Member of the British Columbia Legislative Assembly for Surrey-White Rock
- In office October 17, 1991 – May 2, 1997
- Preceded by: Riding established
- Succeeded by: Gordie Hogg

Personal details
- Born: July 22, 1950 (age 76)
- Party: Liberal Party of Canada (federal) BC Liberals (provincial)
- Education: University of British Columbia
- Occupation: Politician

= Wilf Hurd =

Canadian politician

Wilf Hurd (born July 22, 1950) is a Canadian politician from British Columbia.
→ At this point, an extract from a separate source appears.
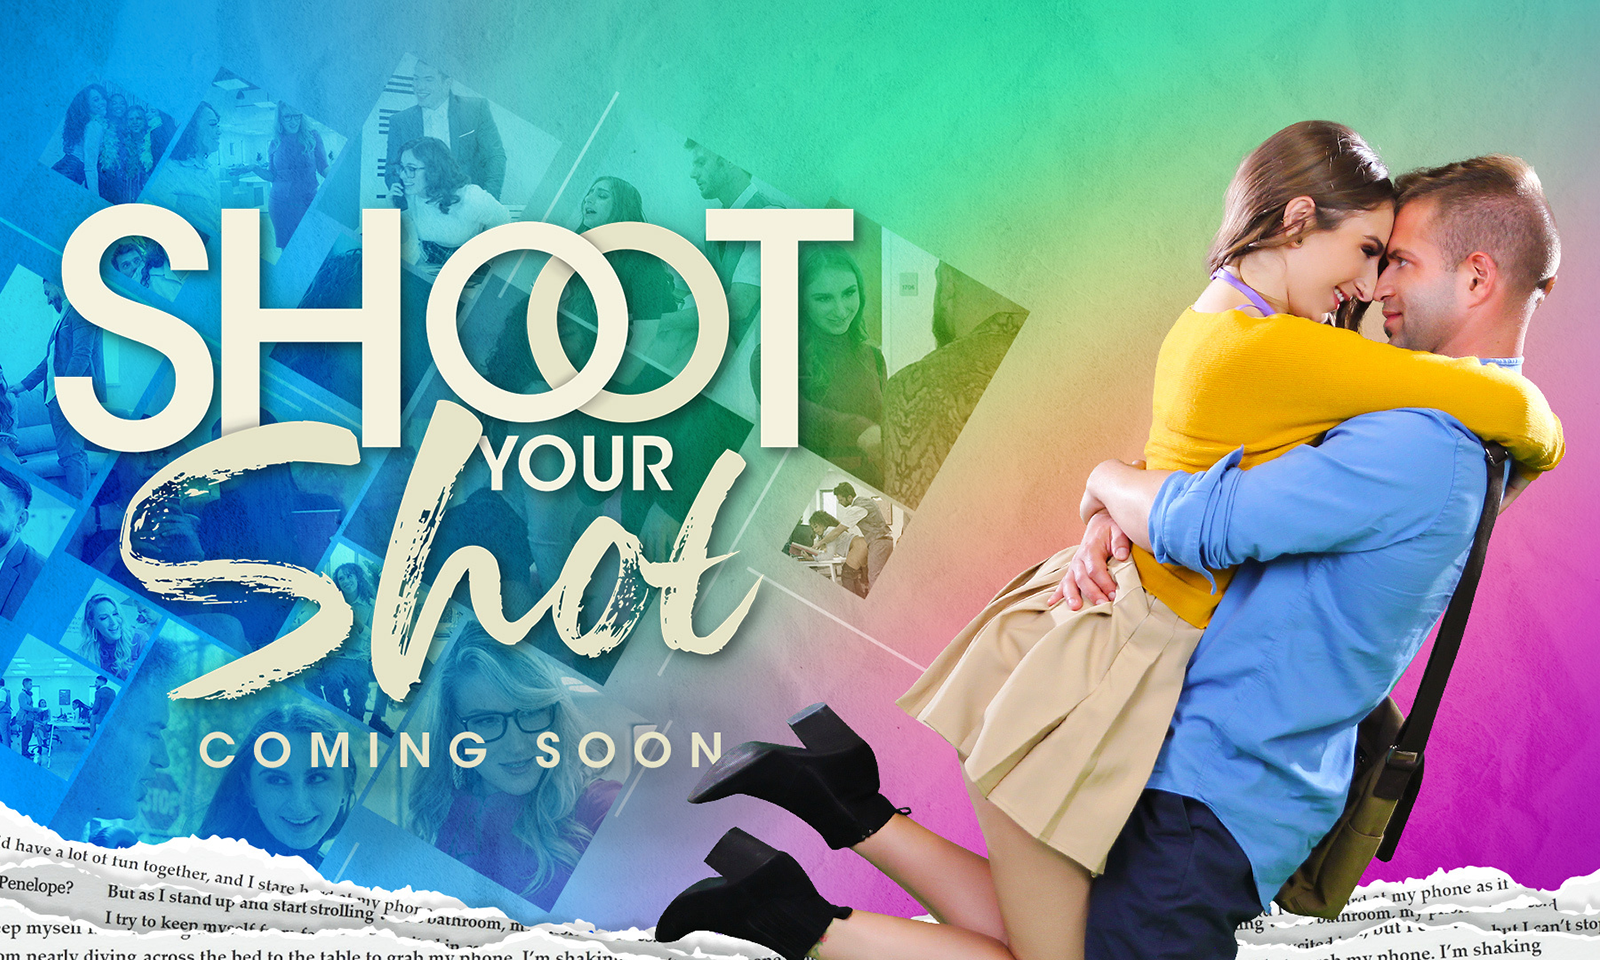 Team Skeet to Release Cross-Series Feature 'Shoot Your Shot'
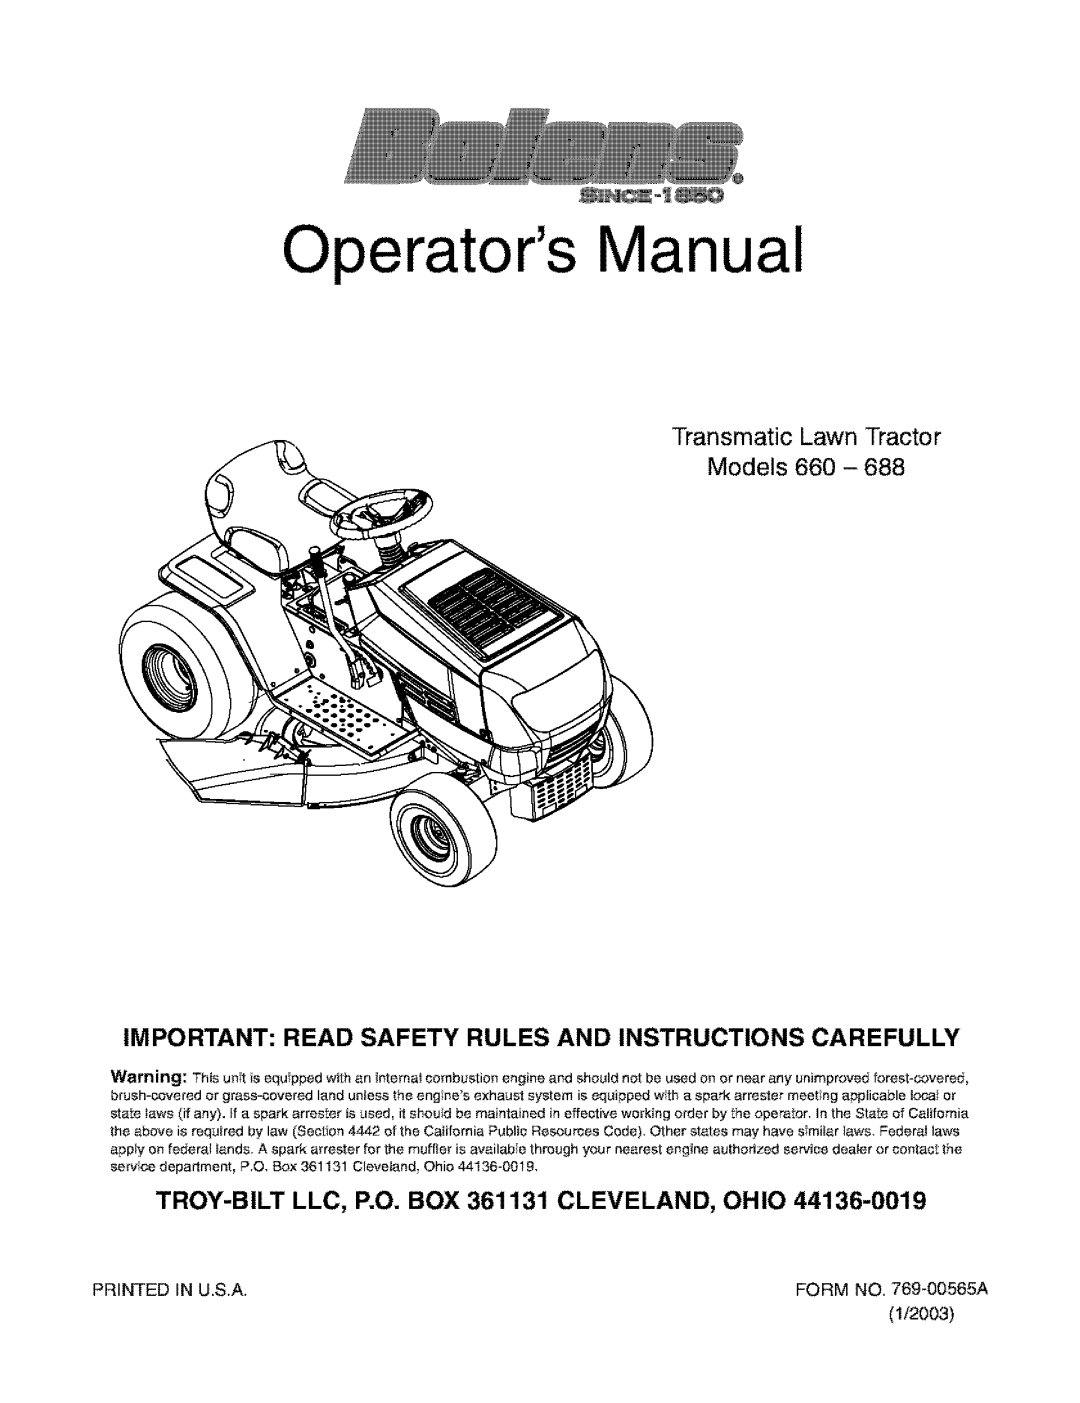 Bolens 660 manual Transmatic Lawn Tractor Models, TROY-BILTLLC, P.O. BOX 361131 CLEVELAND, OHIO, 1/2003, Operators Manual

He represented the riding of Surrey-White Rock for the Liberal Party as a Member of the Legislative Assembly of British Columbia, and was an unsuccessful candidate in the 1997 federal election.

==Political career==
Hurd has a degree in political science from the University of British Columbia, and was a communications consultant who worked in public relations for two British Columbia forest companies. He was acclaimed as a Liberal candidate in the 1991 provincial election for the riding of Surrey-White Rock. He was also a White Rock alderman for a time. After the Liberals' breakthrough in the election, Hurd was appointed opposition critic for forestry. As shadow forests minister, Hurd was often opposed to Dan Miller. At times, he was in agreement, such as when both urged the federal government to make tree spiking a criminal offense. He was also a proponent of the idea of White Rock's annexing parts of the neighbouring municipality of Surrey south of 40th Avenue. His proposal for a study was rejected by Surrey Mayor Bob Bose.

On June 23, 1992, he called NDP MLA David Schreck a "lap dog of the government" after Schreck rejected a proposal to refer a matter to the select standing committee on health. When NDP MLA's Ujjal Dosanjh and Barry Jones objected to the term, speaker Joan Sawicki asked Hurd to withdraw his words. When he refused, Sawicki ordered him out for the rest of the day. In the aftermath, Hurd promised to make better word choices in the future.

When, due to then-Liberal leader Gordon Wilson's leadership troubles emerged and a leadership convention was called, Hurd was the first declared candidate. When the convention was held on September 11, 1993, he finished third-last, with 36 votes. During the campaign Hurd was the only Liberal MLA (along with a former Liberal and former Socred) who attended a private meeting with interim Socred leader Jack Weisgerber about forming a "coalition" to bring better opposition to the governing NDP.

On December 1, 1995, opposition leader Gordon Campbell shuffled the Liberals' opposition shadow cabinet. Hurd became critic for Education.

In the 1996 general election, he was acclaimed for re-nomination. He was re-elected in his riding during the election on May 28, 1996. His 18039 votes was one of the highest totals for any candidate. After the election, he became opposition critic for universities.

In 1996, federal Liberal officials approached Hurd about running in the upcoming (1997) federal election. He announced on January 16, 1997 that he was seeking the Liberal nomination in the riding of South Surrey—White Rock—Langley. On March 24, 1997, he was acclaimed as the candidate for that riding and announced that he would remain MLA until required to resign by law. On May 2, he resigned to become a candidate in the 1997 federal election for the Liberals in the riding of South Surrey—White Rock—Langley. Hurd was unsuccessful, finishing behind Val Meredith.

==After politics==
After the 1997 election Hurd became director of government relations for Simon Fraser University.

In 2012, Hurd gave $2,045 in public funds to the BC Liberals. He wrote personal checks to attend fundraisers and was reimbursed by Simon Fraser University for the expenses. After the Vancouver Sun reported on Hurd's donations, the BC Liberal Party said that it would return the money.